Che Liwei, Wang Jiaqi, Zhou Yao, Ma Fenglong
College of Information Sciences and Technology, Pennsylvania State University, University Park, PA 16802, USA.
Instacart, San Francisco, CA 94105, USA.
Sensors (Basel). 2023 Aug 6;23(15):6986. doi: 10.3390/s23156986.
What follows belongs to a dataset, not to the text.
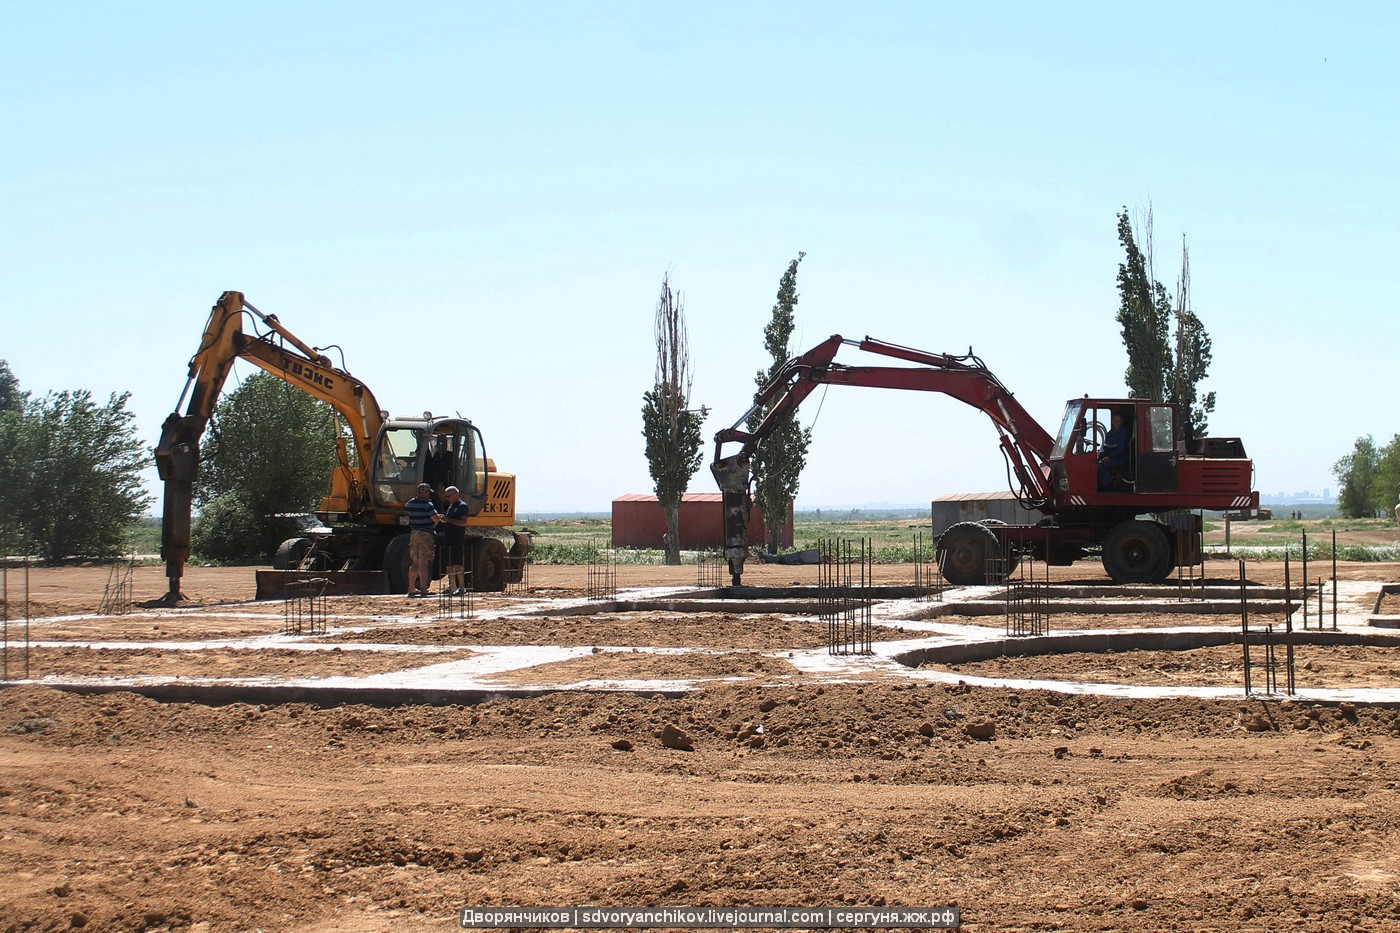 Подготовка к установке нового Колеса обозрения в парке Волжский идёт полным ходом. Фото 26 мая 2018

Federated learning (FL), which provides a collaborative training scheme for distributed data sources with privacy concerns, has become a burgeoning and attractive research area. Most existing FL studies focus on taking unimodal data, such as image and text, as the model input and resolving the heterogeneity challenge, i.e., the challenge of non-identical distribution (non-IID) caused by a data distribution imbalance related to data labels and data amount. In real-world applications, data are usually described by multiple modalities. However, to the best of our knowledge, only a handful of studies have been conducted to improve system performance utilizing multimodal data. In this survey paper, we identify the significance of this emerging research topic of multimodal federated learning (MFL) and present a literature review on the state-of-art MFL methods. Furthermore, we categorize multimodal federated learning into congruent and incongruent multimodal federated learning based on whether all clients possess the same modal combinations. We investigate the feasible application tasks and related benchmarks for MFL. Lastly, we summarize the promising directions and fundamental challenges in this field for future research.
联邦学习(FL)为有隐私顾虑的分布式数据源提供了一种协作训练方案,已成为一个新兴且有吸引力的研究领域。大多数现有的联邦学习研究专注于将单模态数据(如图像和文本)作为模型输入,并解决异质性挑战,即由与数据标签和数据量相关的数据分布不平衡导致的非相同分布(非IID)挑战。在实际应用中,数据通常由多种模态描述。然而,据我们所知,仅有少数研究利用多模态数据来提高系统性能。在这篇综述论文中,我们确定了多模态联邦学习(MFL)这一新兴研究主题的重要性,并对当前最先进的多模态联邦学习方法进行文献综述。此外,我们根据所有客户端是否拥有相同的模态组合,将多模态联邦学习分为一致多模态联邦学习和不一致多模态联邦学习。我们研究了多模态联邦学习的可行应用任务和相关基准。最后,我们总结了该领域未来研究的有前景的方向和基本挑战。